Twenty-six counties will conduct revaluations of all real estate in January 2019 and property owners — including businesses, nonprofit organizations and individuals — should pay close attention.
The appraisals themselves are sometimes incorrect, which can result in higher taxes for years to come. And other provisions in North Carolina’s property tax law mean revaluation is a good time to consider other risks and opportunities associated with property taxes.
N.C. property tax revaluation appeals
The new appraised values are effective on January 1, 2019 in the 26 counties scheduled to revalue property this year. (Carteret County commissioners voted to delay revaluation for one year while they deal with hurricane damage.)
Once property owners receive their new appraisals, they should review it to ensure it’s fair and accurate, and that the new appraisals reflect the market value. Frequently, land that’s undergone improvements, such as adding utility infrastructure, can see a big jump in value. But there may be other factors that the county appraisers have failed to account for that could mitigate those increases.
If the appraisal is problematic, the first step is an informal appeal initiated by contacting the county staff upon receipt of the revaluation notice. This informal appeal is often sufficient to correct simple errors.
However, property owners with significant holdings may want to engage an attorney who understands property tax law to determine the best path to follow — even before the informal appeal.
If the informal appeal doesn’t resolve the situation, the next step is a formal appeal to the county Board of Equalization and Review.

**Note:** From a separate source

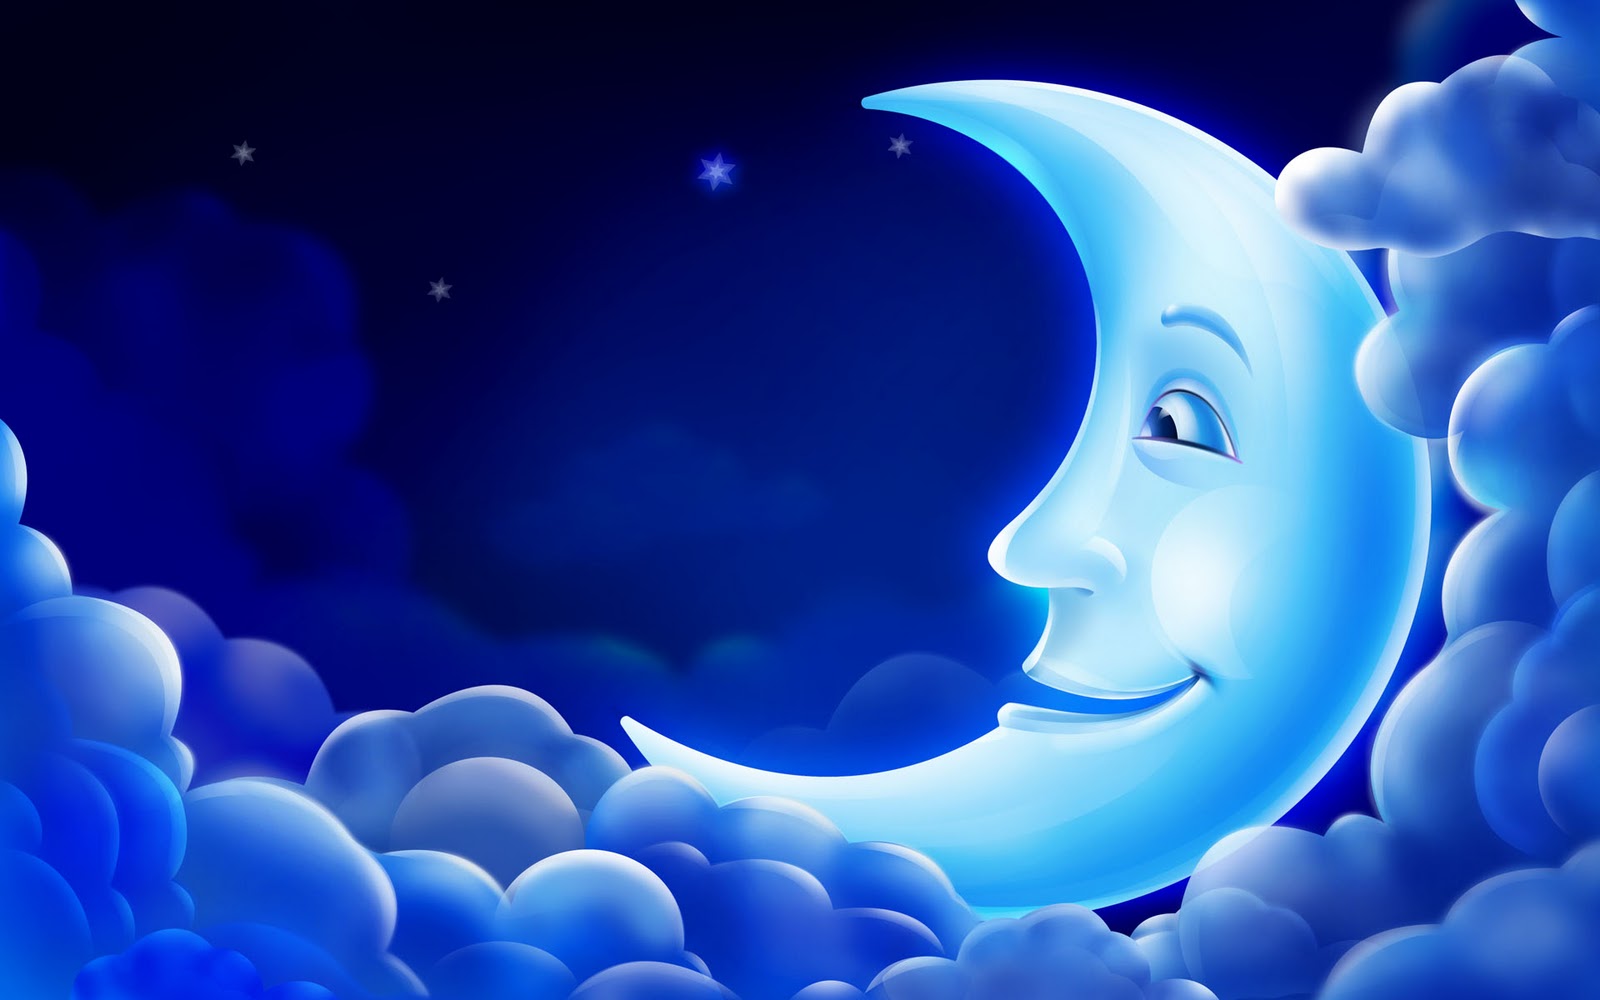 Moon Free Download 3D CG PC Wallpapers: 3D Computer GraphicsHD HQ ...

After that, appeals go to the State Property Tax Commission, which is the court of record for all property tax appeals. There are statutory deadlines filing the formal appeal to the county Board of Equalization and Review and the State Property Tax Commission.
The further the appeals go, the more expensive and time-consuming the process becomes. Good advice early on from an attorney with specific knowledge of property tax laws and procedures may speed up the resolution and help you understand what’s worth appealing.
Risks and rewards of present-use values
Generally, property is appraised based on its “highest and best use.” But that doesn’t mean your property is being used that way, which can result in a mismatch between what your county thinks your land is worth and its present use.
If the land is being used for some kind of agricultural, horticultural or forestry purpose, then it might be eligible for a lower valuation. There are other tests that must be met to qualify. And even if your land does qualify, opting for present-use value requires careful consideration.
The property taxes avoided under the present-use law are deferred. That means if you applied for present-use valuation, but then sold your land a year later to someone who wanted to develop it, you or the buyer (depending on the terms of your sales contract) would be liable for the amount of tax deferred.
Liability for the deferred taxes includes the current year plus three previous years, and includes interest based on the differences in value. So, if you’re planning a sale or ownership transfer in the foreseeable future, consider the tax implications.
Likewise, if you have land that might be eligible for a present-use discount, specific requirements must be met before your county will recognize the lower value.
Any time you anticipate land being transferred — even if it’s just between family members or as part of an estate plan — present-use valuation could impact tax liability and therefore the transaction.
Property tax exemptions for nonprofits
Finally, North Carolina exempts nonprofit, charitable organizations — including churches, hospitals, private schools and certain retirement facilities — from paying property taxes. The property owned by these organizations still must be appraised by counties, however.
Because local governments rely so heavily on property tax revenues, they’re incentivized to find non-exempt uses. In some cases, even though a nonprofit is the owner of the property, taxes may still be owed because some or all of the property is being used for a purpose that’s not exempt.
Counties are also required to audit all nonprofit organizations every eight years — meaning each year they’ll cover about one-eighth of all the nonprofits in their jurisdiction. If they find something local tax authorities think isn’t exempt, the law allows them to try to discover back taxes for up to five years, in some cases.
Smart organizations will avoid these surprise tax bills by regularly reviewing their own property holdings and uses and ensure they’re being handled properly.
Like present use valuations, nonprofit exemptions require an application.